Fabric Activator is expanding from “tell me something happened” to “do something when it happens,” adding rule actions to send Microsoft Teams messages and trigger compute/pipeline work: run a Spark job, run a User Data Function (UDF), or run a Dataflow (Dataflows Gen2). This reduces glue code by removing the need for custom listener services that translate events into downstream work, especially when teams want event-driven processing instead of scheduled refresh. It follows last week's automation direction: after notebooks became easier to run/manage via APIs, Activator now provides an “event → execution” surface inside Fabric without external schedulers. Two additions stand out for operational workflows. First, triggering UDFs from Activator creates a direct event-to-function bridge: rules can pass entity IDs, values, and timestamps into code, enabling incidents/runbooks/custom logic without new infrastructure. This pairs with this week's UDF defaults update: as UDFs become shared primitives invoked by rules, backwards-compatible signatures matter more. Second, Spark job and Dataflow actions can respond to Fabric and Azure Blob Storage events, enabling “data landed, process now” patterns rather than waiting for schedules, similar in spirit to last week's near-real-time pipeline patterns but implemented through Fabric's event/action model. Authoring surfaces broadened too: Warehouse SQL query monitoring rules (Preview) let rules run on ad-hoc or saved query results on a frequency, and Ontology entity rules (Preview) support entity-level conditions. Rule creation is now embedded in Eventstream, and Power BI integration improved so Activator can alert when a new row appears in a table visual in a published report, which helps when dashboards function as queue views.

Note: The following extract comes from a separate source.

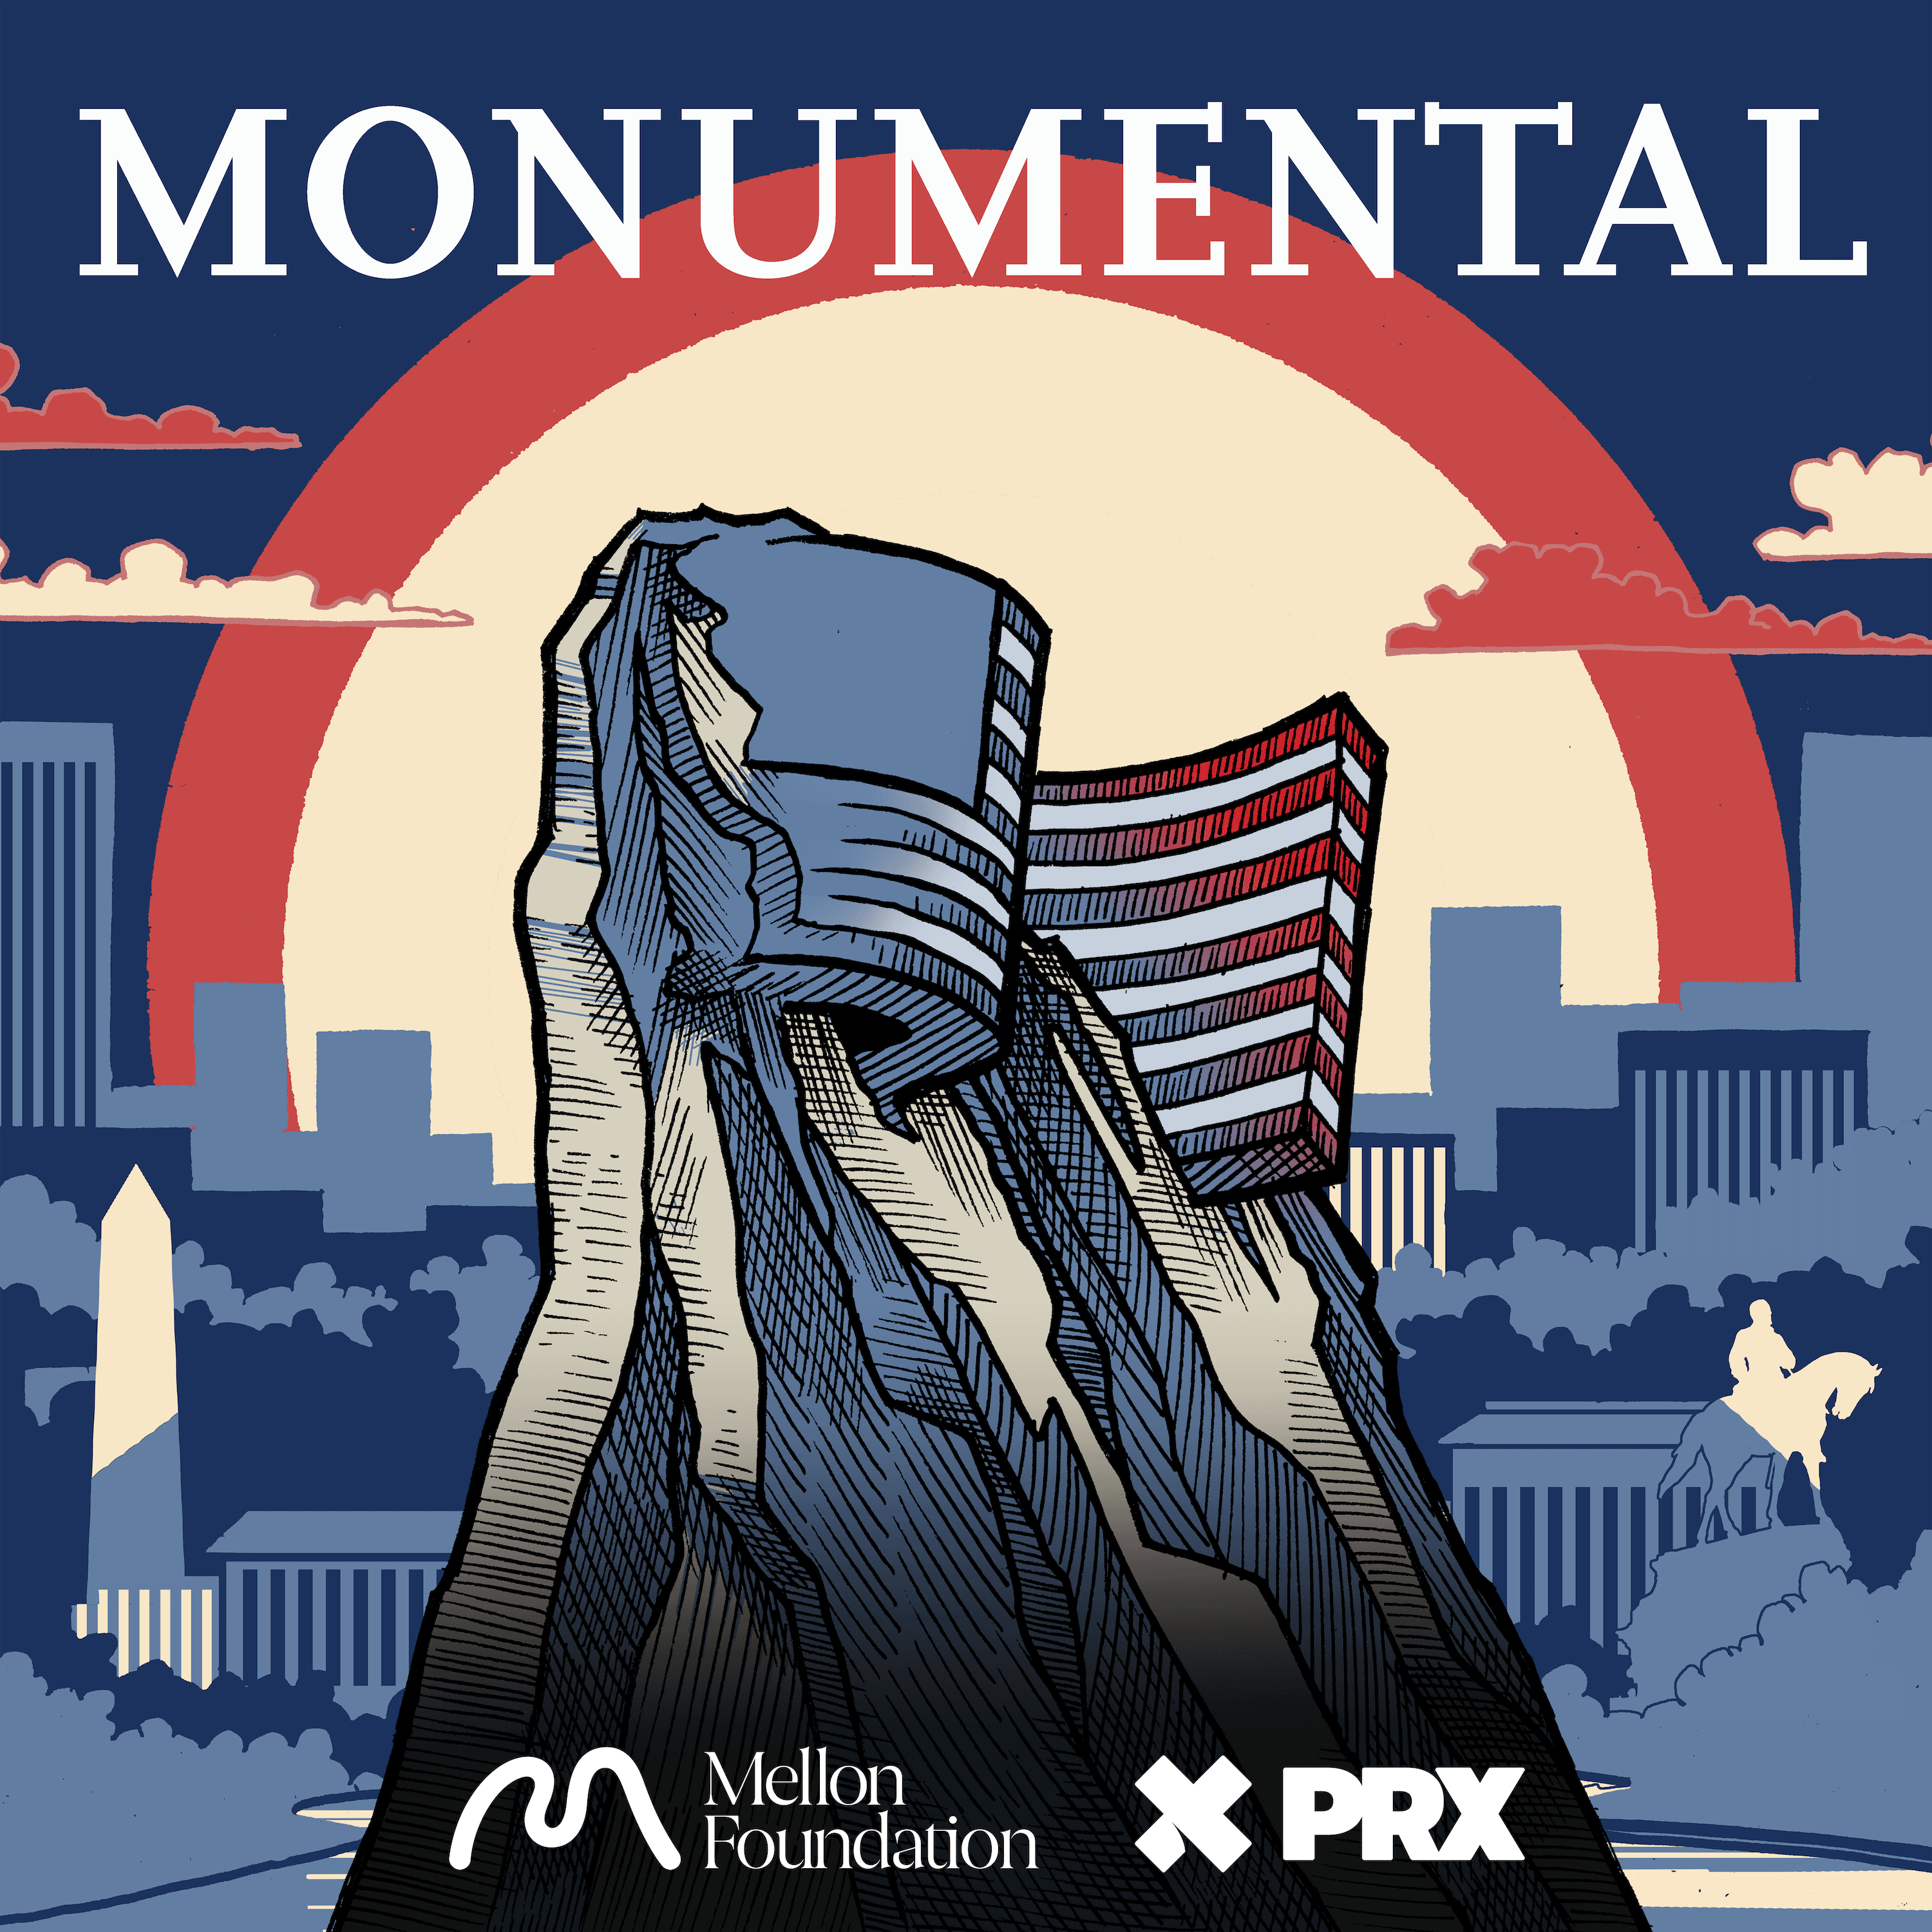 Thumbnail for "Bringing Monuments Home".

Fabric Data Factory: Copy job and connector upgrades for incremental movement, CDC, and cross-cloud destinations

Fabric Data Factory's Copy job updates targeted ingestion constraints where schemas do not match ideal assumptions. This is Fabric's version of the “productionize the plumbing” story we touched last week (Databricks Lakeflow simplifying ingestion + CDC + SCD): in Fabric, improvements are landing in Copy job incremental and CDC behavior, which often blocks teams before transformations like MLVs or dbt. Incremental copy is now more flexible in GA with additional watermark types: ROWVERSION, date/datetime (with delayed extraction to reduce missed late updates), and string columns interpreted as datetime. This reduces custom query workarounds while still using built-in state tracking and checkpointing. CDC replication added three practical updates: Oracle as a CDC source, Fabric Data Warehouse as a CDC sink, and an SCD Type 2 write method in Preview as a simple toggle. The SCD2 option provides history-table semantics (new version rows on updates; soft deletes via expiring current versions), reducing per-table MERGE logic and custom frameworks. It echoes last week's SCD2-as-first-class capability in Databricks, but here it's pushed down into ingestion so history tables can be created earlier without bespoke transform code. Connector and throughput improvements also landed. SharePoint Online File is now GA as source/destination, easing “files in SharePoint” ingestion/publishing. BigQuery, MySQL, and PostgreSQL gained destination write support in Preview for more cross-cloud movement. “Native incremental copy” expanded to more connectors (including RDS variants, ODBC, GCS, SharePoint Lists/Files, Fabric Lakehouse tables/files), and automatic partitioning was introduced to speed large-table loads by parallelizing reads/writes via a selected partition column without manual setup.

Other ML News

Fabric's programmable surfaces got a small but useful update: User Data Functions (UDFs) now support default arguments in Python. Because inputs are JSON-serialized, defaults must be JSON-serializable (strings, numbers, booleans, arrays/lists, objects/dicts, and datetime-like strings, ideally ISO 8601). The guidance also reiterates standard Python practice for mutable defaults (use None then assign inside), which helps teams evolve shared UDFs without breaking callers. This pairs with Activator triggering UDFs: defaults allow signature extension without updating every rule immediately.